Example: AND gate vs OR gate
Consider a hypothetical circuit of three components A, B, and C that are connected with an AND or an OR gate. They are embedded in a much larger network, and of the three just C is connected to the output. We run an experiment where we patch all components using the denoising or noising technique.
AND circuit: C = A AND B
- Denoising (clean → corrupt patching): Denoising either A or B has no effect on the output, only denoising C restores the output. This is because denoising A still leaves B at the corrupted (incorrect) baseline, and vice versa. Denoising found only one of the circuit components.
- Noising (corrupt → clean patching): Noising either A or B has an effect, as well as noising C.
Noising works better in this case, as it finds all circuit components in the first pass.
OR circuit: C = A OR B
- Denoising (clean → corrupt patching): Denoising either A or B has an effect, as well as denoising C.
- Noising (corrupt → clean patching): Noising either A or B has no effect on the output, only denoising C restores the output. This is because noising A still leaves B at the clean (correct) baseline, and vice versa. Denoising found only one of the circuit components.
Denoising works better in this case, as it finds all circuit components in the first pass.
These AND and OR structures can appear in real-world transformers as serial-dependent components (e.g. a later attention head depending on an earlier one) or parallel components (such as redundant backup attention heads).
Comparison to ablations & other patching techniques
There are activation patching techniques based on a single prompt. The original Causal Tracing (ROME) falls into this category, and also zero- and mean-ablation can be seen as patching techniques.
- Zero ablation: Overwrite (“ablate”) the targeted activations with zeros and observe ablating which component breaks the model behaviour.
- Mean ablation: Same as above but overwrite targeted activations with their dataset mean value rather than zero. This is slightly more principled than zero ablating since there is no special meaning to activations being zero.
- Gaussian noise patching (also called Causal Tracing*): This is a clean → corrupt patching variant that uses as its corrupt run input the embeddings of the clean prompt with added Gaussian noise. The idea is to thereby automatically generate the corrupted “prompt”. It was originally used in ROME (called Causal Tracing there) but has not been used much recently, especially because the corruption can sometimes be ineffective.[1]
* Causal Tracing has been used to describe ROME-style Gaussian noise patching in particular, but also to describe clean → corrupted patching in general. We recommend avoiding the name to avoid confusion.

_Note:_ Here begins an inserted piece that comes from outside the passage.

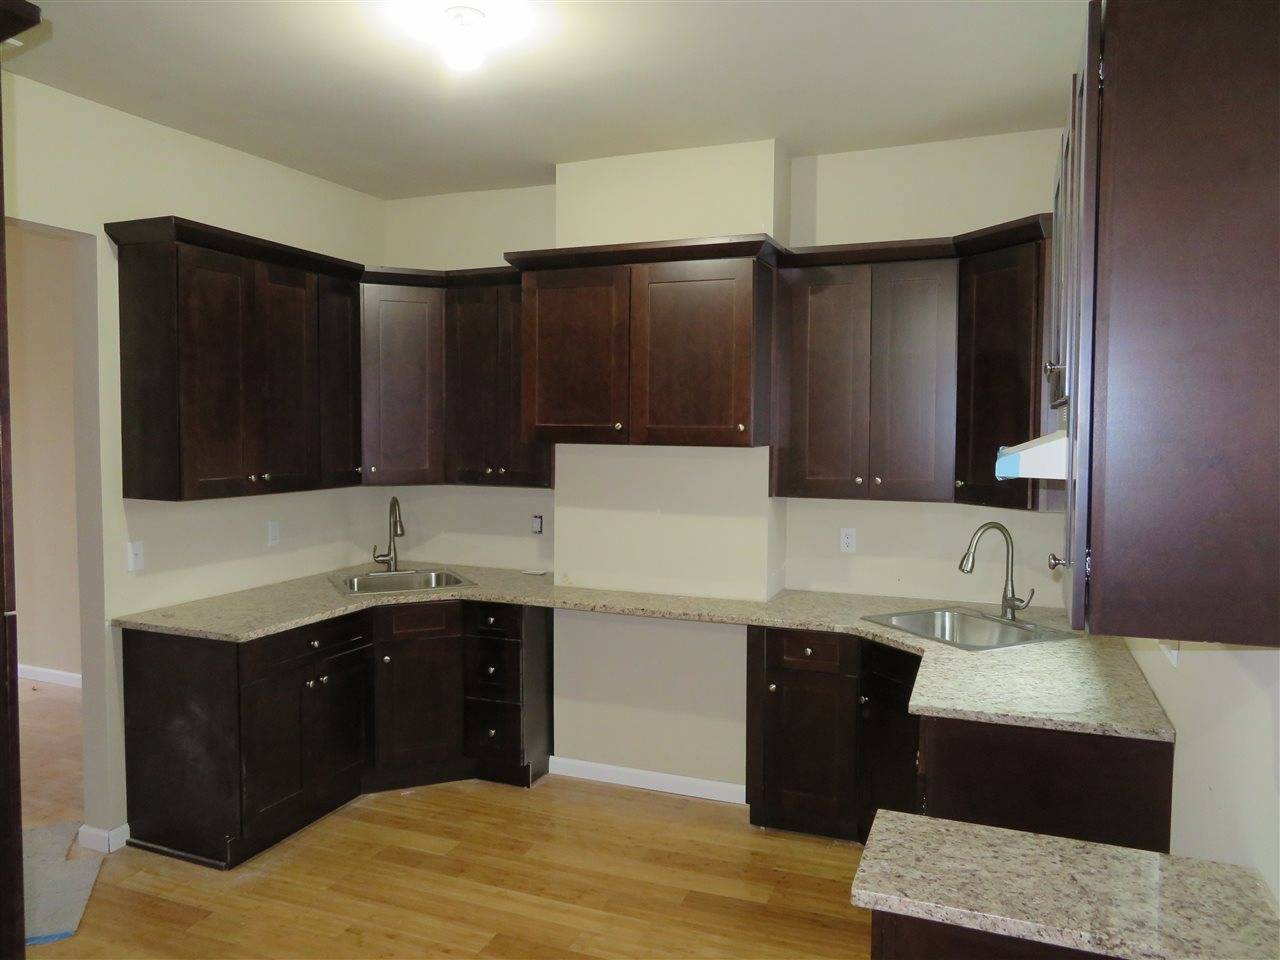 Brand new huge full 1 family house for rent - 5 BR Bergen Lafayette New Jersey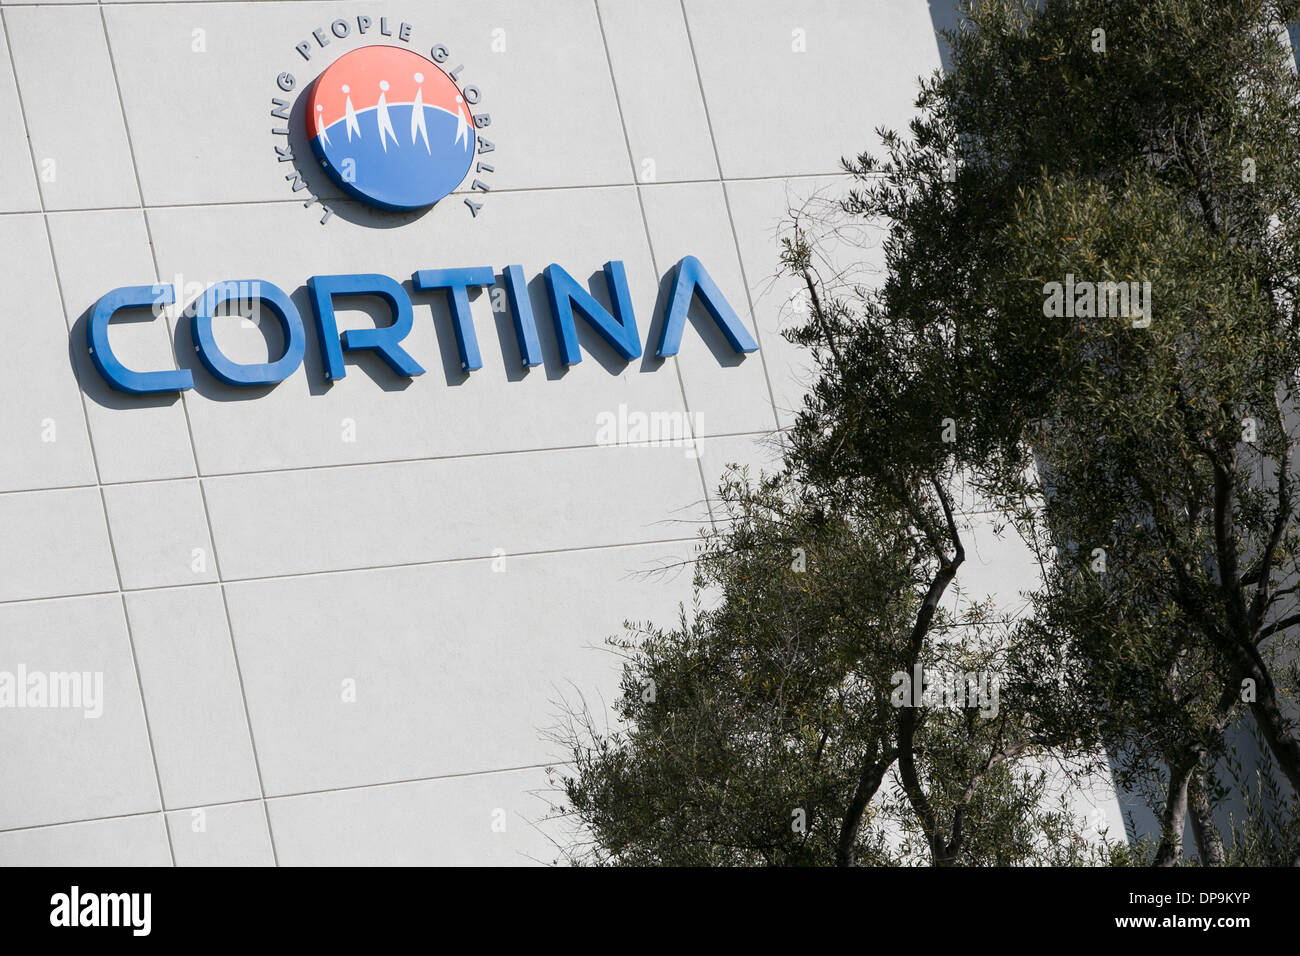 The headquarters of Cortina in Sunnyvale, California. Stock Photo

Generally we recommend corrupted-prompt-based techniques, noising and denoising. Their advantage is that one can run very precise experiments, editing some features while controlling for others. They allow us to trace the difference between clean and corrupted prompt. To illustrate this consider the prompts “Angela Merkel is the leader of” → “ Germany” vs “Joe Biden is the leader of” → “ America”. Patching will find components that deal with Angela Merkel vs Joe Biden, but not components that would be indifferent to this change, such as the “answer is a country circuit” or the “political leader circuit”. A secondary advantage of noising and denoising is that they tend to bring the model less out-of-distribution than ablation techniques (pointed out here [AF · GW], and in the wider literature).
Choosing corrupted prompts
Having a corrupted prompt is great because it can tell us what model components care about, but also a possible pitfall if we don’t notice what our prompts trace and don’t trace. We give some examples for the Indirect Object Identification (IOI) demo sentence “John and Mary went to the store. John gave a bottle of milk to”. Different corruptions which highlight different properties the model might care about include:
What kind of prompt should you choose? No matter which you choose, keep in mind what properties your prompt does and does not change, and take this into account when interpreting patching results. As a rule of thumb you want to choose small (narrow) variations for exploratory patching, this will help you narrow down what each component is tracking. Choosing a narrow prompt distribution also helps increase the (typically low) sensitivity of denoising, and decrease the (typically high) sensitivity of noising. For confirmatory patching you need to choose a wide distribution of prompts that varies all variables of the hypothesised circuit. Then you can noise (corrupt → clean patch) all non-circuit components, and check that the model still shows the behaviour in question.
How do you interpret patching evidence?
In the previous section we said that denoising (clean → corrupt patching) tests whether the patched activations are sufficient to restore model behaviour. And noising (corrupt → clean patching) tests whether the patched activations are necessary to maintain model behaviour. These two are usually not complements of each other, nor does one imply the other. In this section we will walk through a made-up example experiment.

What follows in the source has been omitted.